6. La F3C CFDT et le salarié font grief au jugement de les débouter de leur demande tenant à annuler le premier tour des élections du comité social et économique d'établissement I2S/Beamap, alors « que l'absence de réserves émises par un syndicat lors du dépôt d'une liste électorale ne vaut pas acquiescement aux modalités d'organisation des élections fixées, après échec de la négociation d'un protocole d'accord préélectoral unilatéralement par l'employeur ; qu'en l'espèce, le tribunal a jugé que la présentation par un syndicat des candidats sans formuler aucune réserve sur les conditions de déroulement du scrutin, y compris alors qu'elles ont été fixées par décision unilatérale de l'employeur, vaut nécessairement acceptation de ces conditions, ce dont il résulterait que le syndicat CFDT n'était plus autorisé à contester judiciairement le choix d'un bureau de vote unique ; qu'en statuant ainsi, le tribunal a violé les articles L. 2314-28, R. 2314-24 et R. 2314-2 du code du travail. »

Réponse de la Cour

7. Aux termes de l'article L. 2314-28 du code du travail, les modalités d'organisation et de déroulement des opérations électorales font l'objet d'un accord entre l'employeur et les organisations syndicales, conclu conformément à l'article L. 2314-6. Cet accord respecte les principes généraux du droit électoral.

Les modalités sur lesquelles aucun accord n'a pu intervenir peuvent être fixées par une décision du juge judiciaire.

8. Il résulte de ce texte qu'à défaut d'accord satisfaisant aux conditions de validité prévues à l'article L. 2314-6 du code du travail, il appartient à l'employeur, en l'absence de saisine du tribunal judiciaire, de fixer les modalités d'organisation et de déroulement des opérations de vote.

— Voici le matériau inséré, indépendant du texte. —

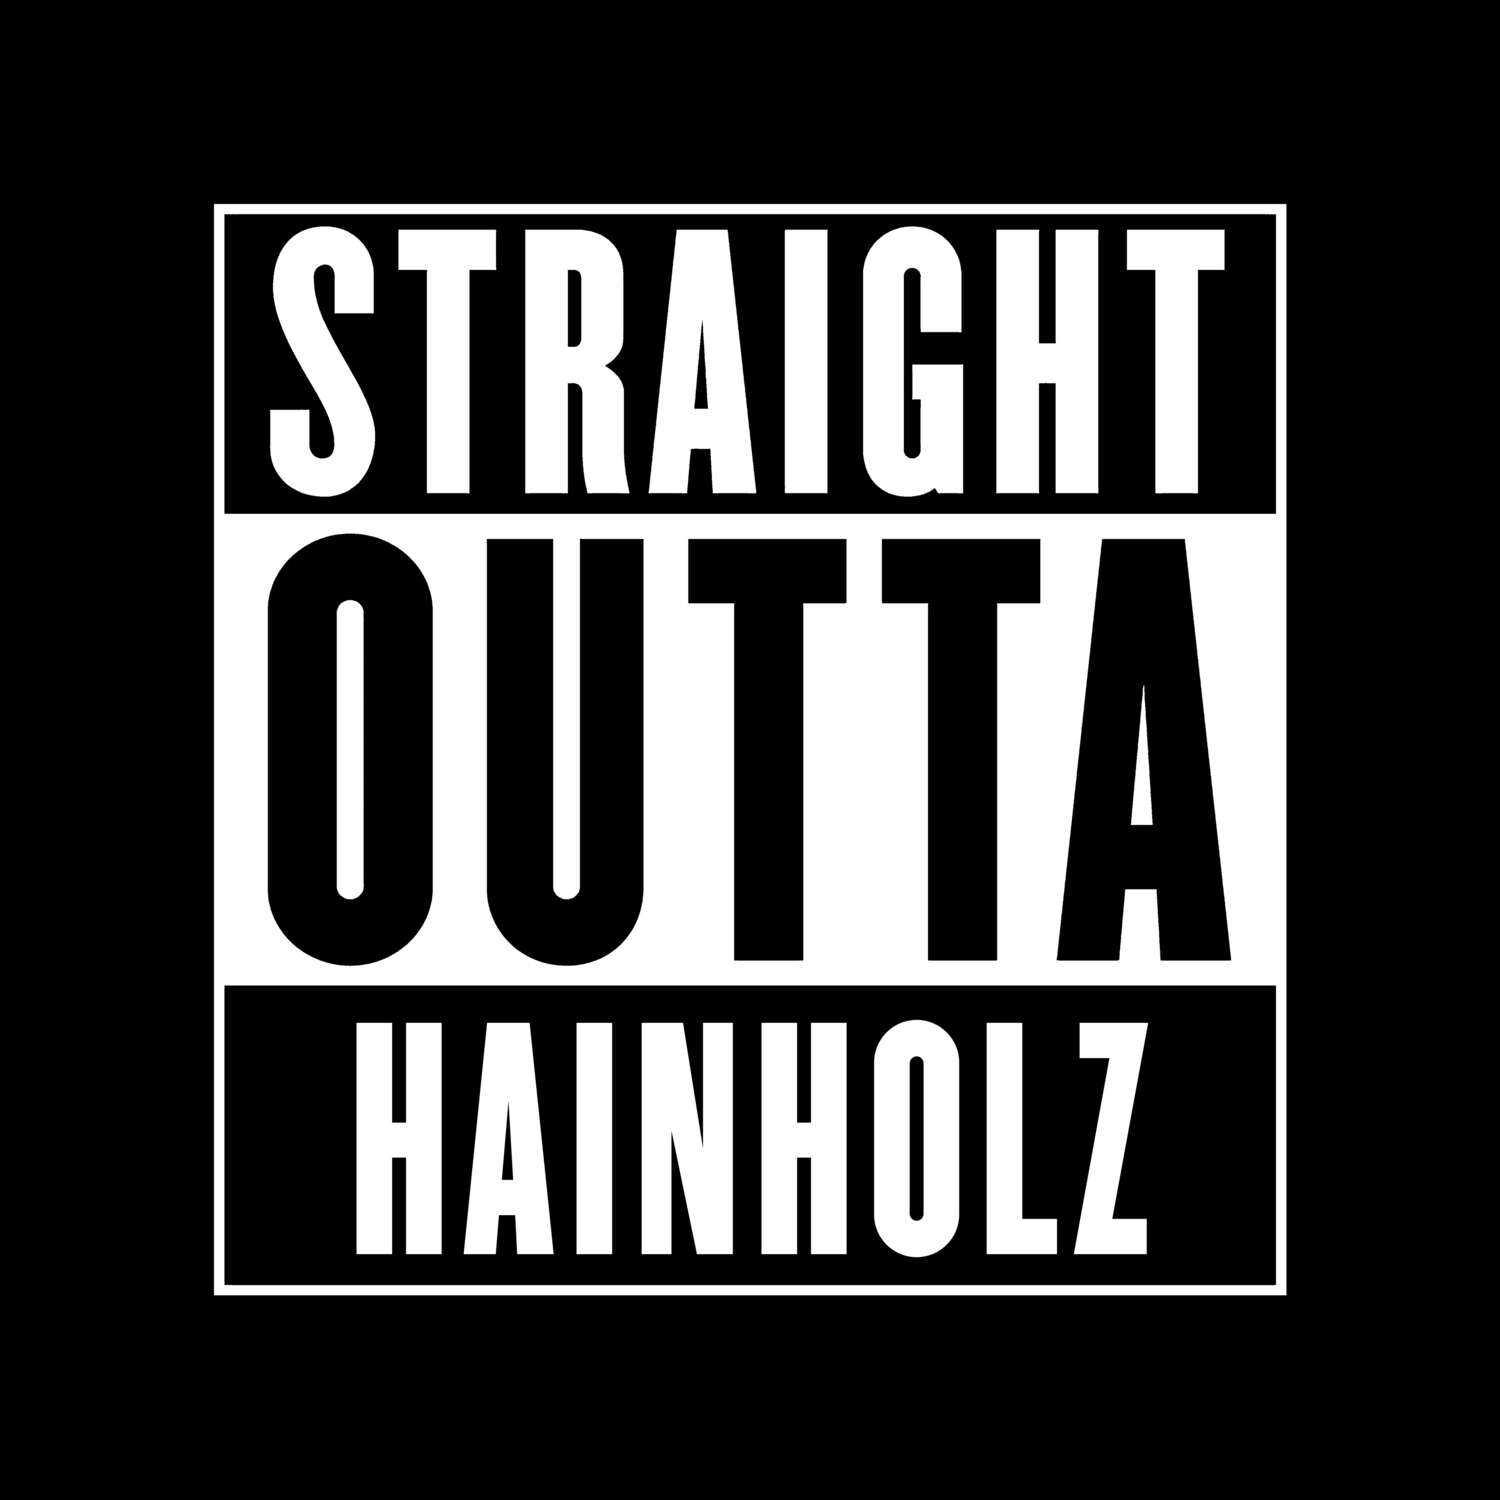 Hainholz T-Shirt »Straight Outta«

9. En l'absence de saisine préalable du juge judiciaire en contestation de la décision unilatérale de l'employeur fixant les modalités d'organisation des élections professionnelles, une organisation syndicale, ayant présenté une liste de candidats sans avoir émis, au plus tard lors du dépôt de sa liste, de réserves sur les modalités d'organisation et de déroulement des opérations de vote ainsi fixées, ne saurait, après proclamation des résultats des élections professionnelles, contester la validité de la décision unilatérale de l'employeur fixant les modalités d'organisation des élections et demander à ce titre l'annulation des élections.

10. Le tribunal, qui a constaté que la F3C CFDT avait présenté des candidats sur l'établissement considéré en déposant le 7 octobre 2019 ses listes de candidats sans émettre de réserves sur les modalités d'organisation et de déroulement des opérations de vote fixées unilatéralement par l'employeur, lequel avait notamment décidé de la mise en place d'un bureau de vote unique, et n'avait pas saisi le juge judiciaire d'un contentieux préélectoral, a décidé à bon droit que cette organisation syndicale ne pouvait plus contester cette modalité pour demander l'annulation des élections.

11. Le moyen n'est donc pas fondé.

PAR CES MOTIFS, la Cour :

REJETTE le pourvoi.

Arrêt rendu en formation restreinte hors RNSM.

- Président : M. Huglo (conseiller doyen faisant fonction de président) - Rapporteur : Mme Ott - Avocat(s) : SCP Thouvenin, Coudray et Grévy ; SCP Capron -

Textes visés :

Articles L. 2314-6 et L. 2314-28 du code du travail.

Rapprochement(s) :

Sur le pouvoir, sous l'empire des dispositions relatives au comité d'entreprise, donné unilatéralement à l'employeur pour organiser les opérations électorales, à rapprocher : Soc., 26 septembre 2012, pourvoi n° 11-22.598, Bull. 2012, V, n° 239 (rejet) ; Soc., 4 juin 2014, pourvoi n° 13-18.914, Bull. 2014, V, n° 134 (cassation partielle). Sur la nécessité pour le syndicat d'émettre des réserves lors du dépôt des candidatures pour contester les modalités électorales, à rapprocher : Soc., 11 décembre 2019, pourvoi n° 18-20.841, Bull., (cassation).